When the diameter becomes 10 μm or less, the tendency for the classification accuracy to decrease becomes more pronounced.

[Purpose of the invention]

The present invention solves the various problems mentioned above.

An object of the present invention is to provide an air classifier with good classification efficiency.

An object of the present invention is to provide an air classifier capable of producing classified powder with a sharp particle size distribution.

An object of the present invention is to provide an air classifier whose classification point can be easily adjusted.

An object of the present invention is to provide an air classifier that is less likely to generate fine powder aggregates.

Specifically, an object of the present invention is to provide an airflow classifier for classifying powder by airflow, in which a supply port for supplying powder is formed in the upper part of a classification chamber, and a supply port for supplying powder is formed in the lower part of the classification chamber. is equipped with a conical classification plate with a high central part, and a coarse powder discharge port is provided around the lower edge of the classification plate for discharging the coarse powder group classified by air. In the center of Bunkuri-zaka,
A fine powder discharge port is provided to discharge the fine powder group classified by wind, and air is supplied from the outside air to the upper part of the classification chamber to disperse the supplied powder by air circulation around the upper part of the classification chamber. A first gas inflow means having a plurality of inflow passages each having a first air inlet for suctioning and introducing the powder is provided, and around the lower part of the classification chamber there is provided air for wind classification of the dispersed powder.

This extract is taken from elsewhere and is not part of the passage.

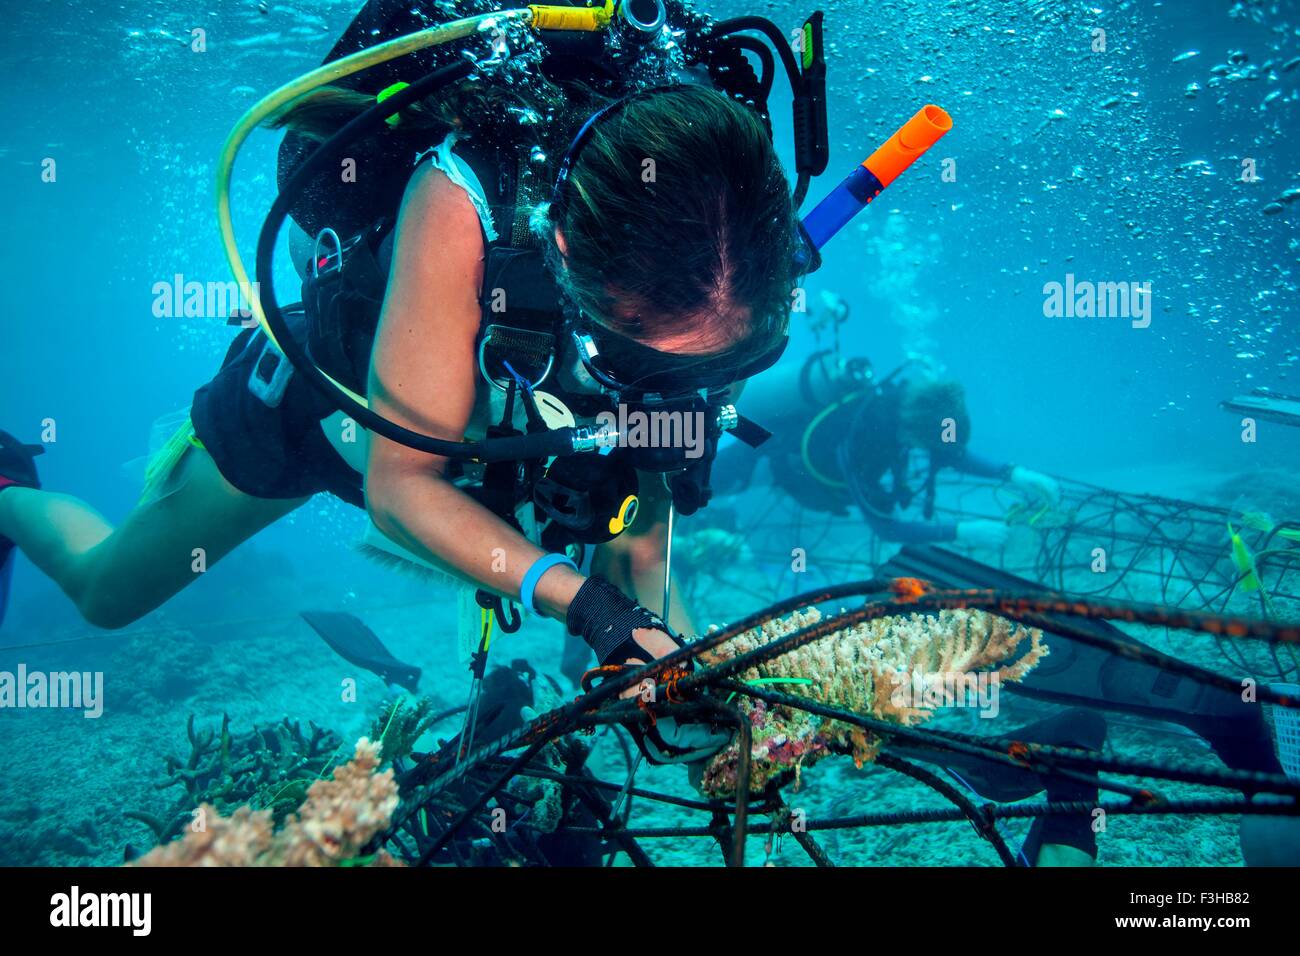 Sous-vue de la fixation d'un plongeur, seacrete (acier artificiel reef avec courant électrique), Naples, Italy Banque D'Images

A second air inflow passage having a plurality of inflow passages each having a second air inlet for sucking and introducing air from the outside air into the lower part of the classification chamber to generate a swirling flow.
A gas inflow means is provided, and the total opening area of the first air inlet of the first gas inflow means is A (cm ² ), and the total opening area of the second air inlet of the second gas inflow means is A (cm 2 ). An object of the present invention is to provide an air classifier characterized in that A and B satisfy the following formula: 1≦A/B≦20, where the total area is B (cm ² ).

[Specific description of the invention]

In view of the problems of the conventional device described above, the air flow classifier of the present invention is equipped with a gas inflow means for dispersing powder by swirling flow around the upper part of the classification chamber, thereby improving the dispersion of powder inside the classification chamber. This improves the classification accuracy. A detailed description will be given below based on the drawings.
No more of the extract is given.